Stimuli and evoked potential analysis

We used three vertical electrodes on each side of the recording chamber (anodal to the left, cathodal to the right) to deliver transverse electrosensory stimuli with normal polarity (peak preceding trough). Digital stimuli were generated in Matlab (Mathworks), converted to analog and delivered with a Tucker-Davis RX8 signal processor, attenuated with a Tucker-Davis PA5 attenuator, and isolated from ground with an A-M Systems 2200 stimulus isolation unit.

To determine whether the central electrosensory system detects transient synchrony across oscillating receptors, we recorded evoked potentials in response to natural EODs. For each fish, one natural EOD was selected at random from a library of 10 pre-recorded conspecific EODs. Natural EODs were delivered at a level of 31 mV/cm. We measured the latency to the first negative peak and the relative latency between the maximum and minimum values of the evoked potential.

To determine whether a corollary discharge of the electromotor command that initiates EOD production blocks sensory processing in the EL pathway, we delivered 0.5 ms bipolar square pulses (73.6 mV/cm) at latencies between 0 and 6 ms, in 0.5-ms steps, after the fish's EOD command. We measured the peak-to-peak amplitude of the mean evoked potential at each latency and normalized them to the maximum value for each fish. For P. microphthalmus and B. niger, we normalized mean evoked potentials in ELa and ELp separately.
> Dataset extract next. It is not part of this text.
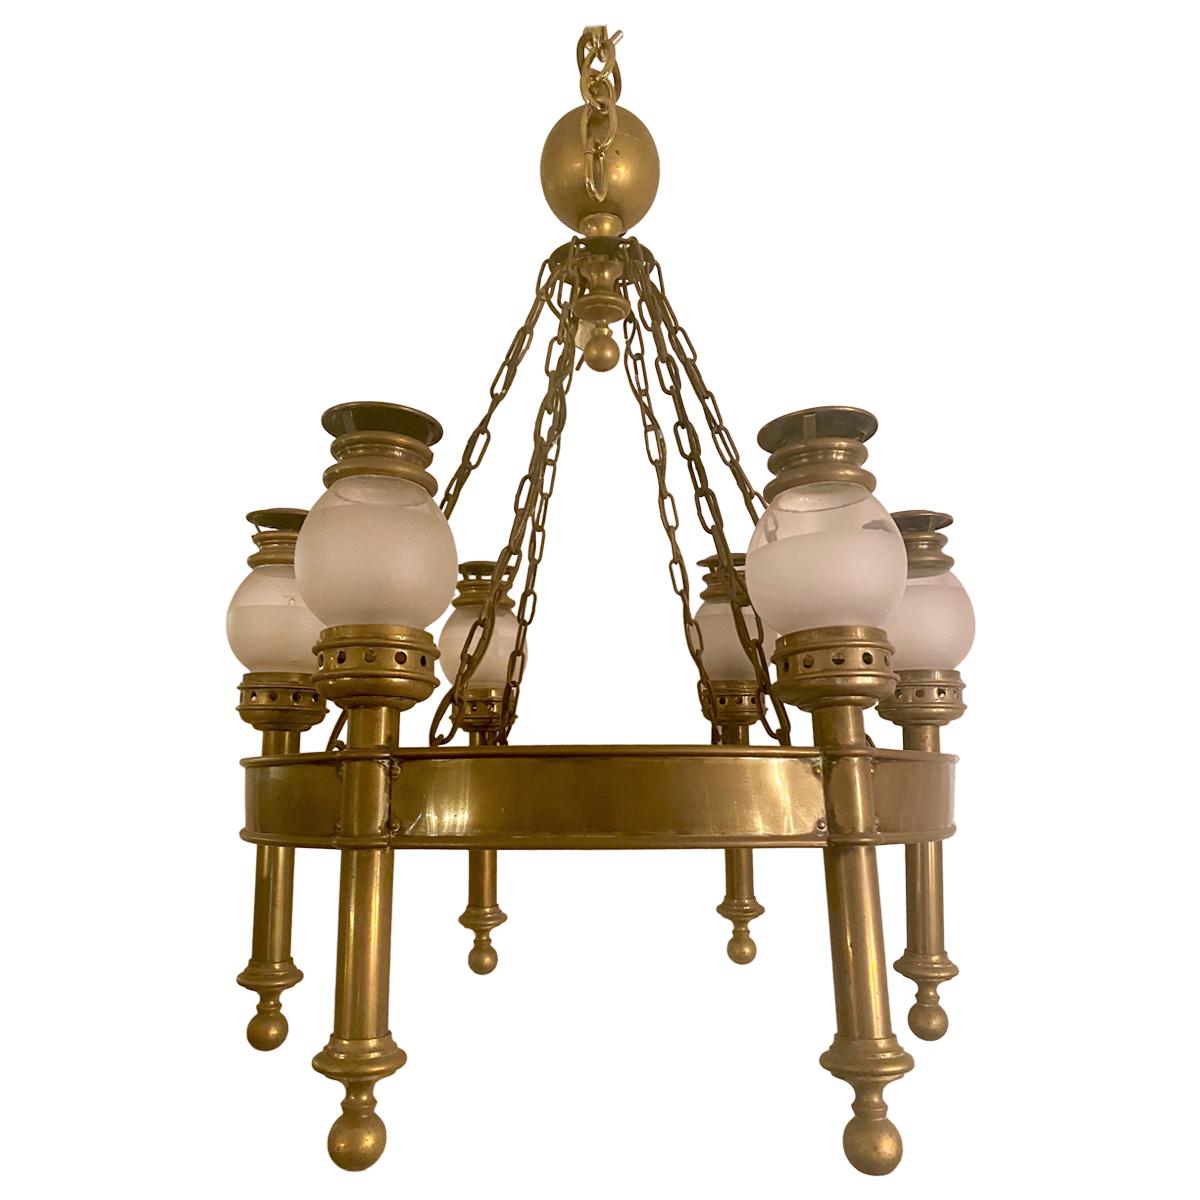 Antique Bronze Chandelier from David Adler Home, Lake Forest IL, Circa 1920-1930 For Sale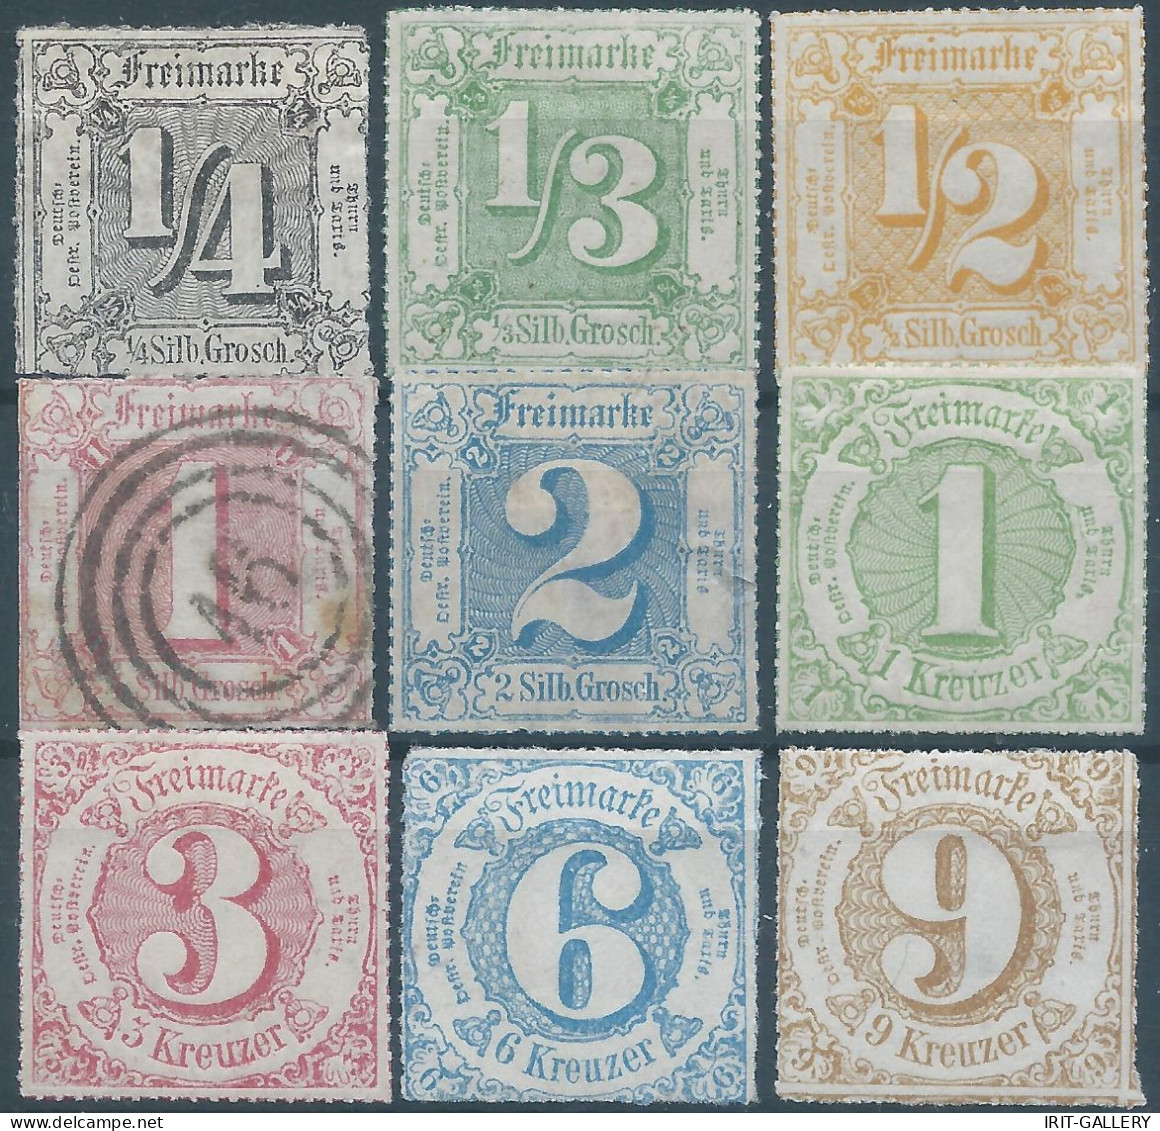 Germany-Deutschland,Thurn Und Taxis1865 Colored Print On White Paper-¼--½-1-2gr+1-3-6-9kr,Mint &1gr Used,Value:€130,00 - Neufs

We used repeated-measures ANOVA in R (R Core Team, 2014) to investigate the effects of stimulus delay on the normalized peak-to-peak amplitude of the evoked potential.

We used single-cycle bipolar sine wave stimuli to measure the frequency tuning of EL. Sine wave stimuli were computer-generated using Matlab and had durations of 0.03, 0.05, 0.07, 0.1, 0.2, 0.3, 0.4, 0.5, 1, 2, and 5 ms. The peak-power frequency of these stimuli is slightly lower than the inverse of the pulse duration and ranges from 0.17 to 27.9 kHz (Figure 4). We used single-cycle bipolar sine wave pulses to be consistent with the previous study investigating peripheral frequency tuning (Baker et al., 2015). In that study, single-cycle pulse stimuli were necessary because it would be impossible to separate the stimulus artifact of longer tone stimuli from the oscillatory response of the oscillating receptors. Furthermore, single-cycle pulses are behaviorally relevant stimuli because they closely resemble the pulse-type communication signals of these species (Figure 3A).

Stimuli were delivered at intensities of 73.6, 23.4, and 7.4 mV/cm. We measured the peak-to-peak amplitude of the mean evoked potential for each duration and intensity, and normalized them to the maximum value for each fish. Mean evoked potentials were normalized separately for ELa and ELp in P. microphthalmus and B. niger. We used repeated-measures ANOVAs to investigate the effects of stimulus peak-power frequency and intensity on the normalized peak-to-peak amplitude of the evoked potential. We report η2 in all of our models, which is the most common estimate of effect size for ANOVAs (Levine and Hullett, 2002).

All of the data and all of the custom-written Matlab codes used in this study are available at the Dryad Digital Repository (Vélez and Carlson, 2016).

Acknowledgements

This research was supported by the National Science Foundation (IOS-1255396 to BAC).

Funding Statement

The funders had no role in study design, data collection and interpretation, or the decision to submit the work for publication.

Funding Information

This paper was supported by the following grant:

  • National Science Foundation IOS-1255396 to Bruce A Carlson.

Additional information

Competing interests

The authors declare that no competing interests exist.

Author contributions

AV, Conception and design, Acquisition of data, Analysis and interpretation of data, Drafting or revising the article.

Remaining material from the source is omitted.